Baseline characteristics are shown in Table 1. There were no significant demographic differences between the 2 groups. When compared to patients not on digoxin, patients on digoxin were more likely to have AF and HF (38.2% vs 21.8%, P = .02) and less likely to have HF without AF (50.9% vs 72.1%, P = .01). Between the 2 groups, there were no differences in AF without HF (10.9% vs 6.1%, P = .99). Mean EF was similar between the 2 groups (27.86 [13.03] vs 27.38 [11.18], P = .8).
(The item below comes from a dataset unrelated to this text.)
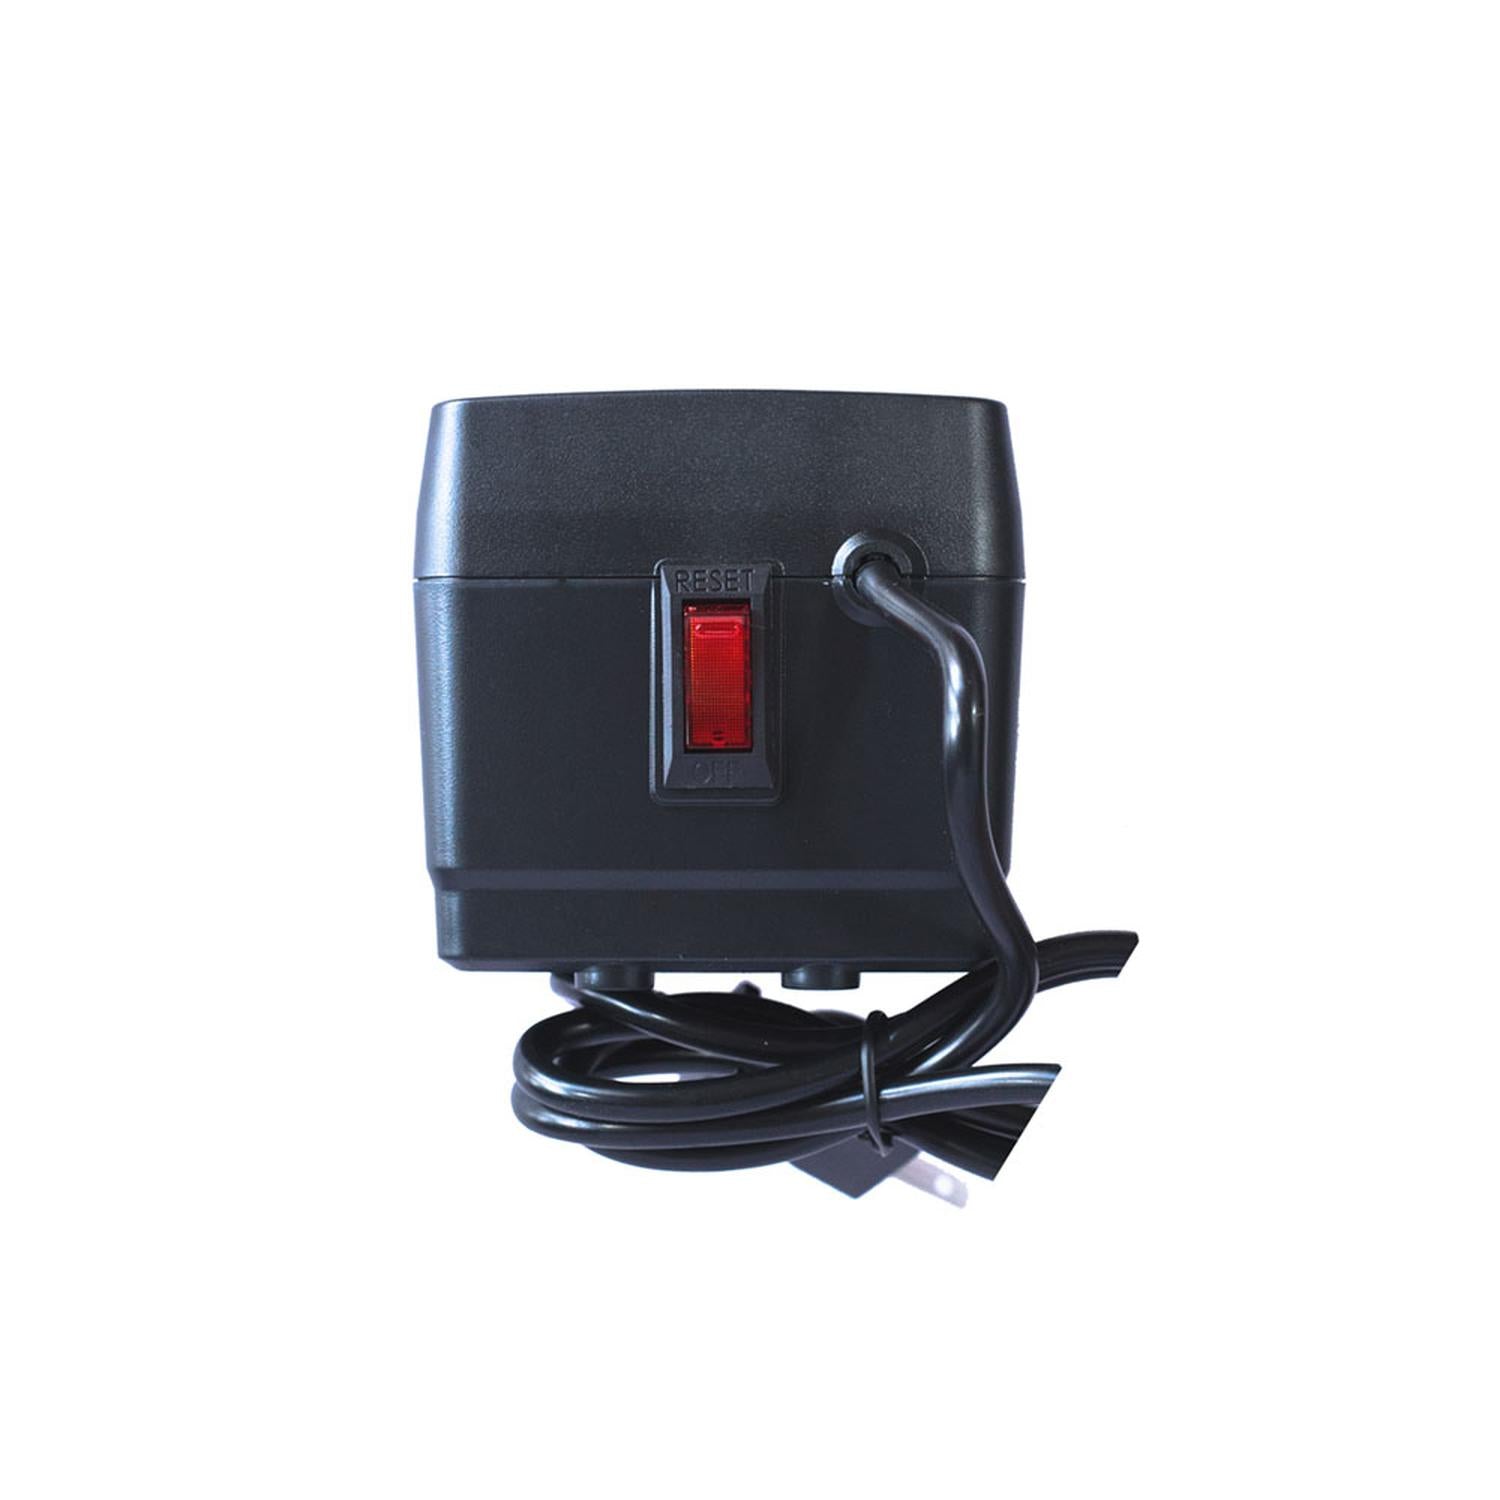 Regulador de Voltaje Smartbitt 8 Contactos 1350 VA / 675 W

All other medical comorbidities were evenly distributed between the 2 groups. The mean corrected QT (QTc) interval was shorter in digoxin users (452.85 [34.5] vs 466.44 [35.41], P = .04). Patients on digoxin were more likely to have Biventricular ICDs (BiV-ICDs) (38.2% vs 18.4%, P = .003) and patients not on digoxin were more likely to have single- or dual-chamber ICDs. There was no difference between the 2 groups regarding the indication of ICD as either primary or secondary prevention. The number of interrogations ranged between 1 and 6 interrogations, with an average of 3 interrogations per patient.

Table 1.

Baseline Characteristics of Patients with ICD.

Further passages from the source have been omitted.